Homenaje a George Orwell :: “1984”

POR MARTÍN ZUBIETA

Pequeño ensayo sobre la anticipación

Existen palabras que son antitéticas. Utopía y distopía constituyen un tándem inseparable. Desde los días de Tomás Moro (1478-1535) la idea de utopía está asociada a la perfección, a la existencia de un universo (social, político, económico) inmejorable. Ese mundo, ideal e inalcanzable, no existe. Constituye, en todo caso, el mejor de todos los sueños humanos posibles. La distopía es la negación de utopía. Es la concreción palpable de un mundo espantoso, de una sociedad insoportable, falaz y atroz. Una sociedad distópica sería aquella que se ubica en las antípodas de ese sueño de justicia y libertad que plantea la utopía. La utopía implica una búsqueda constante. La distopía es la negación de esa búsqueda. La distopía, desde la ficción, supone la aceptación de la represión y el totalitarismo.

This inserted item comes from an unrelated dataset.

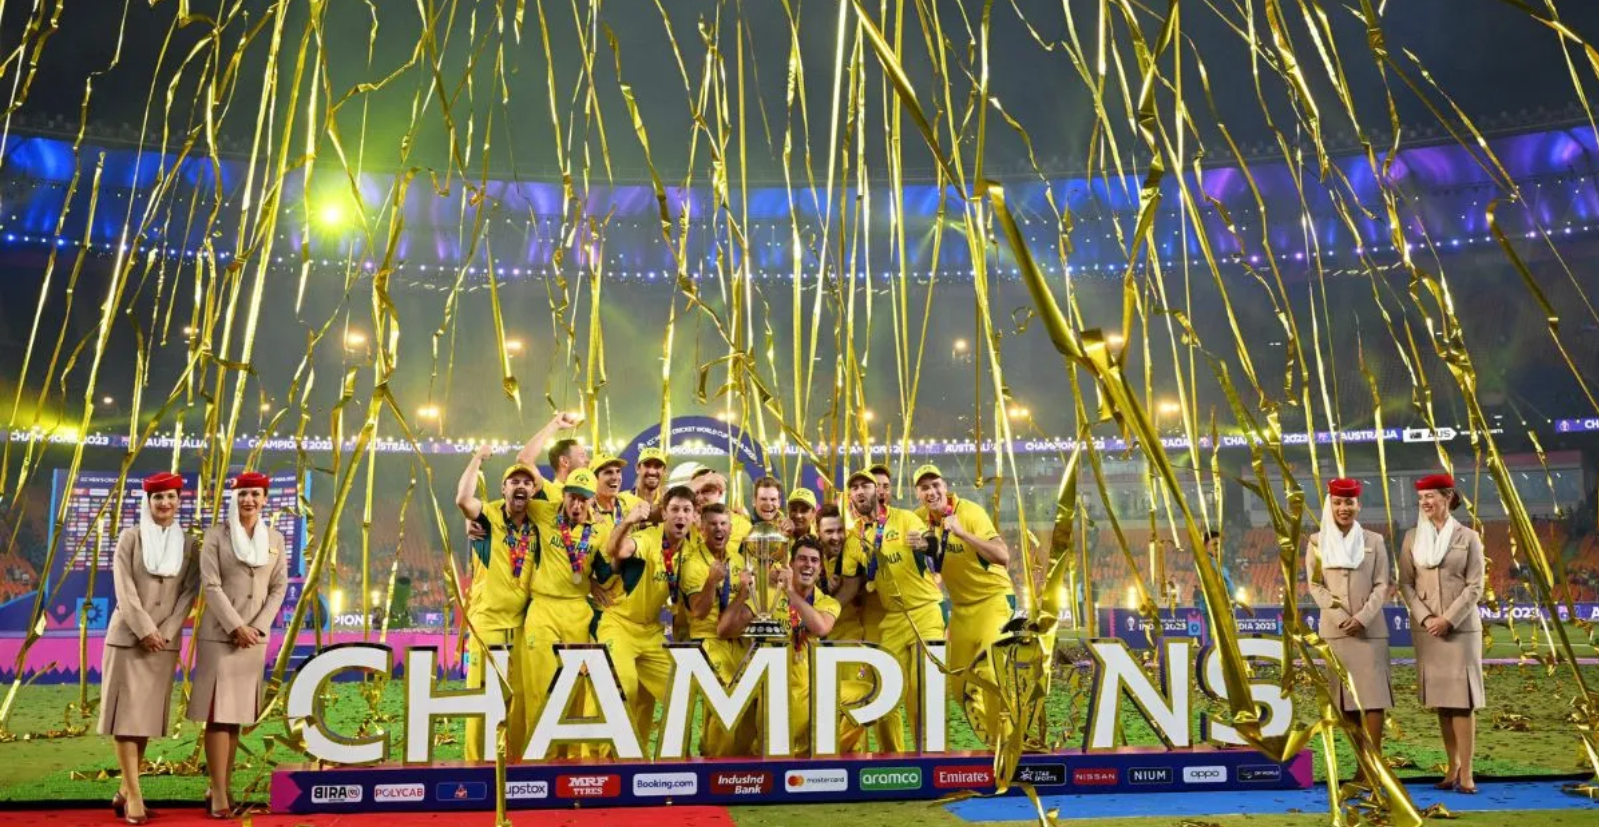 Hotstar Sets New Viewership Milestone with 5.9 Crore Viewers in IND vs AUS ICC World Cup Final

El británico George Orwell (1903-1950) participó de una utopía y plasmó, quizá como nadie (o tal vez como Aldous Huxley con Un mundo feliz, de 1932) la distopía perfecta. Afiliado al espíritu que comenzó a transitar su propio camino a partir de la Revolución Bolchevique de 1917, Orwell no disimuló sus simpatías para con los movimientos revolucionarios. En tanto periodista y escritor, viajó y contó lo que veía, empezando por las miserias de la propia Inglaterra. Escribía y describía. Las cuestiones sociales y políticas siempre formaron parte de su biografía y de su hacer intelectual. Era un libre pensador de izquierda. Trabajó en la BBC durante la Segunda Guerra Mundial y antes había sido testigo de la Guerra Civil Española, entre 1936 1939 (su texto Homenaje a Cataluña es extraordinario), sitio en el que comenzó a separase definitivamente del stalinismo y sus prácticas. En esa época Orwell simpatizaba con los anarquistas españoles, con los que incluso llegó a militar. Acaso aquí haya comenzado a surgir la idea de 1984 (que se publicaría recién en 1949).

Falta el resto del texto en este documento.